With Blood and Growth Disorder Bids Panning Out, Novo Nordisk Plots Path to Rare Disease Leadership
Novo Nordisk has been a significant player in the field of rare diseases for over 45 years. However, this sector has often taken a back seat to the company’s more mainstream endeavors in treating diabetes and other chronic conditions. But the company is shifting gears under the leadership of Ludovic Helfgott, the Executive Vice President for Rare Disease, who recently outlined the company’s plans and ambitions in an interview with Fierce Pharma.
Shifting Focus to Rare Diseases
Novo Nordisk’s renewed focus on rare diseases particularly gained momentum when Lars Fruergaard Jørgensen became CEO in 2017. Helfgott notes that Jørgensen saw potential in the rare disease unit, referring to it as an “uncut gem.” When Helfgott joined the company from AstraZeneca in 2019, he embarked on a mission to establish a “biotech within Novo Nordisk,” aiming for substantial leadership in the rare disease segment. Under Helfgott, the company has made significant strides in enhancing its research capabilities, leading to a burgeoning workforce in rare disease research—from eight to roughly 90 employees.
Recent Developments and Strategic Acquisitions
Novo Nordisk’s journey into rare diseases has seen strategic investments, including a notable $1.2 billion commitment to build a production facility in Denmark dedicated explicitly to rare diseases. The company’s acquisitions have also grown in recent years; the $1.1 billion takeover of Forma Therapeutics, focusing on sickle cell disease, and the acquisition of 2seventy bio’s hemophilia A program in 2024 are key examples of this expansion.

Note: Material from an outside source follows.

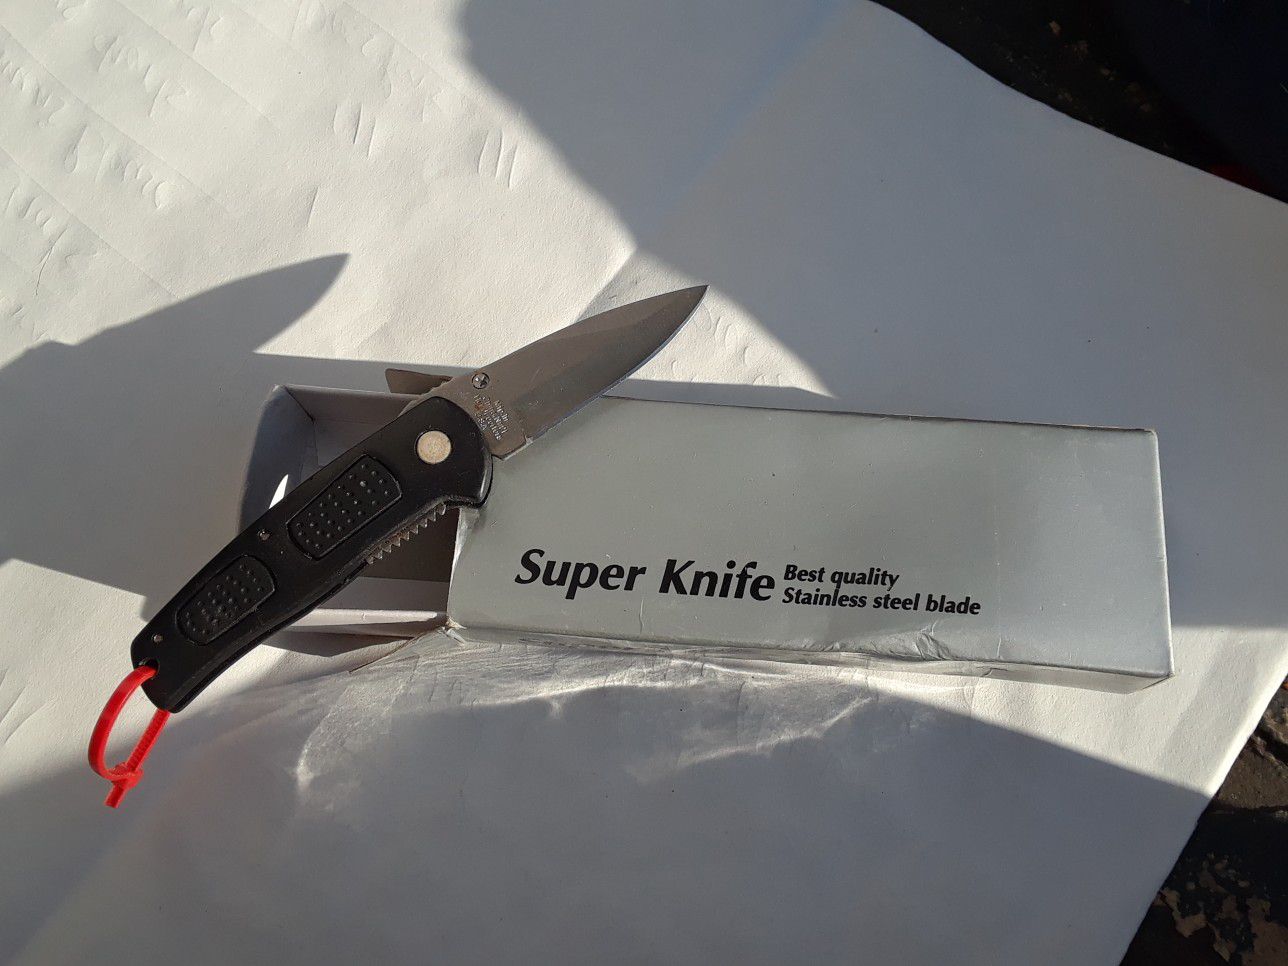 Super knife

The focus on blood disorders—specifically hemophilia A and B—has led to several successful treatments, including Esperoct, NovoEight, and Rebinyn. Recently, Novo received FDA approval for its once-daily hemophilia treatment, Alhemo. This innovative treatment has a unique subcutaneous delivery mechanism, enhancing patient accessibility compared to traditional infusions.

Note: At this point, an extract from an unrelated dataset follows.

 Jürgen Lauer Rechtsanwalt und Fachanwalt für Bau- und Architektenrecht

Innovative Solutions for Sickle Cell Disease
Beyond hemophilia, Novo’s forward-looking strategy includes a new candidate named etavopivat, which recently advanced into phase 3 testing for sickle cell disease (SCD). Helfgott emphasized that patients with SCD face the dual challenges of painful vaso-occlusive crises and organ damage from recurrent crises. The phase 2 data presented by Novo indicated that the highest studied dose of etavopivat significantly reduced annualized VOC rates, showcasing promising efficacy compared to placebo.
Key Areas of Development
As Novo prepares to solidify its standing in the rare disease arena, the primary areas of focus will remain on blood and growth disorders. The company is also exploring opportunities in the “hemato-renal area,” which addresses the intersection of rare blood and kidney conditions. Recently, Novo secured FDA approval for its RNA interference drug, Rivfloza, targeting primary hyperoxaluria type 1 (PH1), which causes the overproduction of oxalate and, ultimately, kidney damage.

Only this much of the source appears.